Now in its eighth year, Community Cycles is one of the hippest, most beloved, most enduring parts of the Boulder bicycle world. It takes old, donated bikes and turns them into new, cool rides—about 2,500 bikes a year. This is done by volunteers, paid staff and participants in the Earn-a-Bike program. In the Earn-a-Bike program, you volunteer 15 hours learning how to fix bikes, then fix other people’s bikes, or bikes for kids. Then you get to build your own bike out of used parts, for free. Last year, about 250 bikes were earned.

There are other programs like it in the country. Some programs on the East Coast have been around for decades; Atlanta has had an Earn-a-Bike program since 2005. Dallas started a similar program this spring. But Community Cycles’ program is still among the largest and healthiest in the country, with 1,100 members, 100 active volunteers, and a $500,000 annual budget. The Earn-a-Bike program has had a waiting list since the beginning.

Community Cycles caters to a certain kind of bike lover. “This is not for the road bikers in spandex,” said Archer Sully, an Earn-a-Bike instructor. These are bikes for grocery-getting, cruising and styling.
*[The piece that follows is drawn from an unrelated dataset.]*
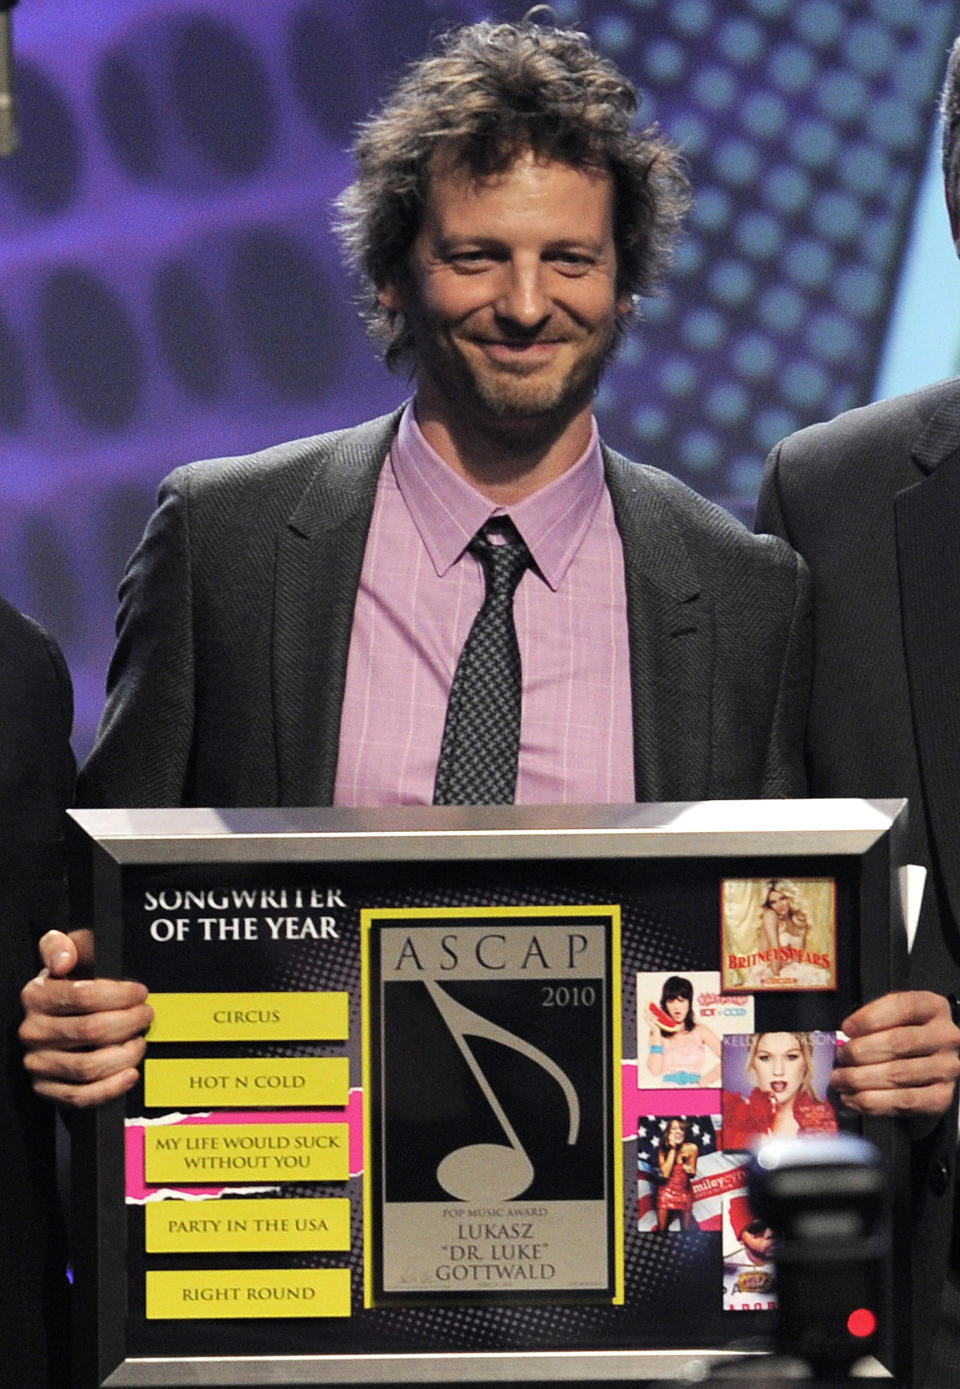 FILE - Lukasz "Dr. Luke" Gottwald accepts the Songwriter of the Year award at the 27th Annual ASCAP Pop Music Awards on April 21, 2010, in Los Angeles. The controversial music producer and hitmaker rose to the top of the Billboard charts with Doja Cat’s ubiquitous funk-pop jam “Say So,” along with Saweetie's anthemic bop “Tap In” and Juice WRLD's Top 5 pop smash “Wishing Well." He appeared as Tyson Trax on the Grammy ballot for Doja Cat's “Say So," which he produced and co-wrote. The hit tune is competing for record of the year, where he is contention as the song’s producer. (AP Photo/Chris Pizzello, File)
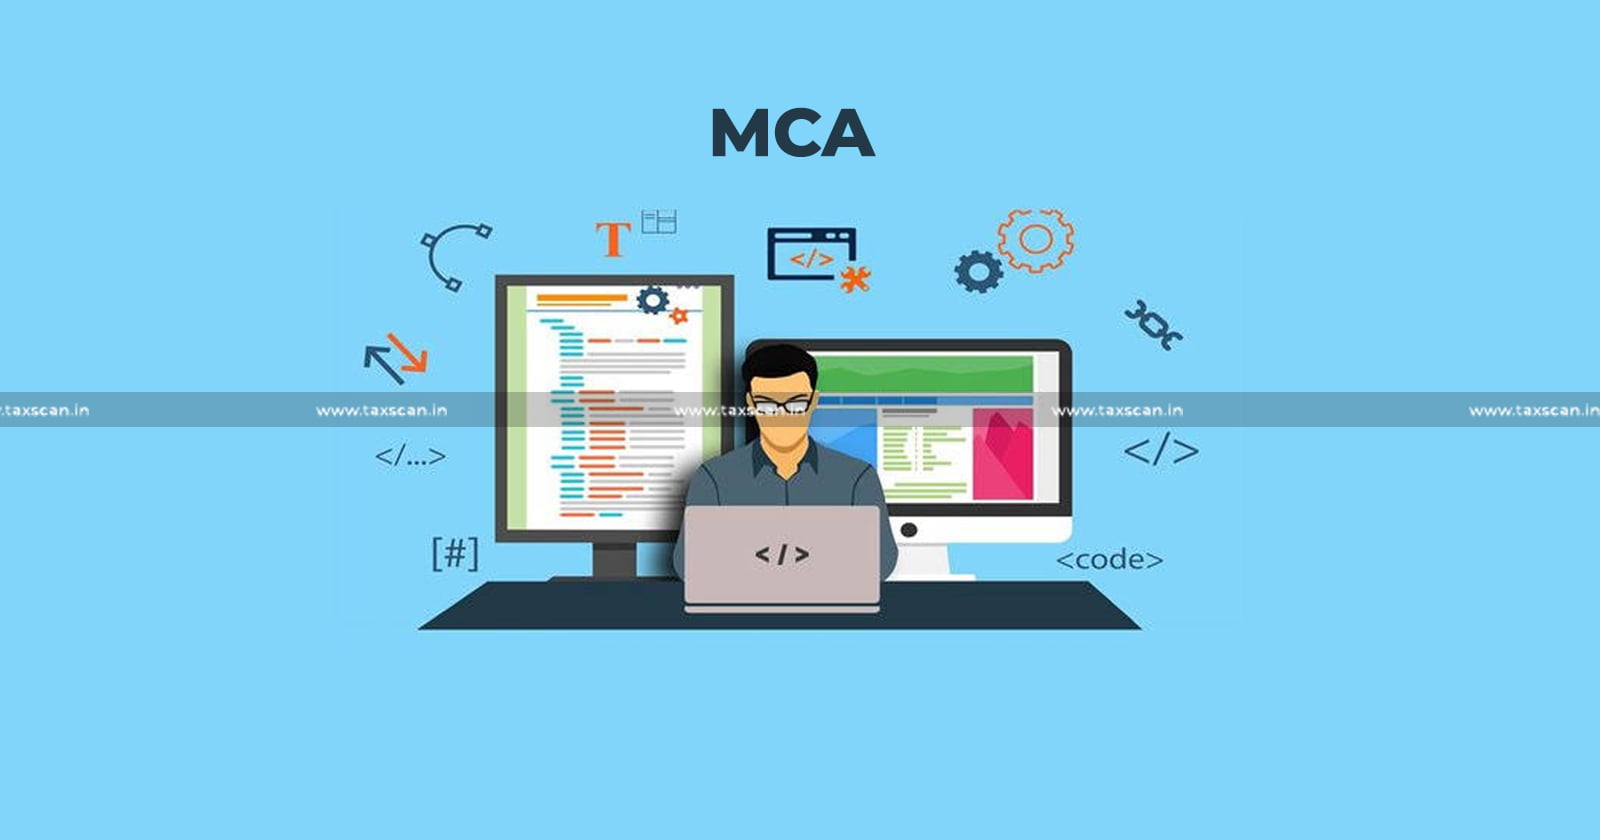 MCA - Portal Issues - MCA21 - Ministry of Corporate Affairs - taxscan

The other day, a man named Bob Krumwiede was standing in Community Cycles’ showroom, sizing up a retro Peugeot from the disco era. He had just moved to Boulder from the Bay Area, and he wanted a cool bike. “Old bikes just have more panache,” he said.

He’s right. Community Cycles doesn’t have bikes make of the kind of slick metal alloys featured in “Terminator 2.” Parts of Community Cycles look like an episode of “Hoarders, Bike Lovers Edition.” The storage room is overflowing. Outside the bland beige building, in the alley, donated bikes are piled on each other like wounded soldiers, chains hanging off like guts. Most of these will be fixed up and sold. Others will be shipped to Africa, through a program called Bikes for Humanity.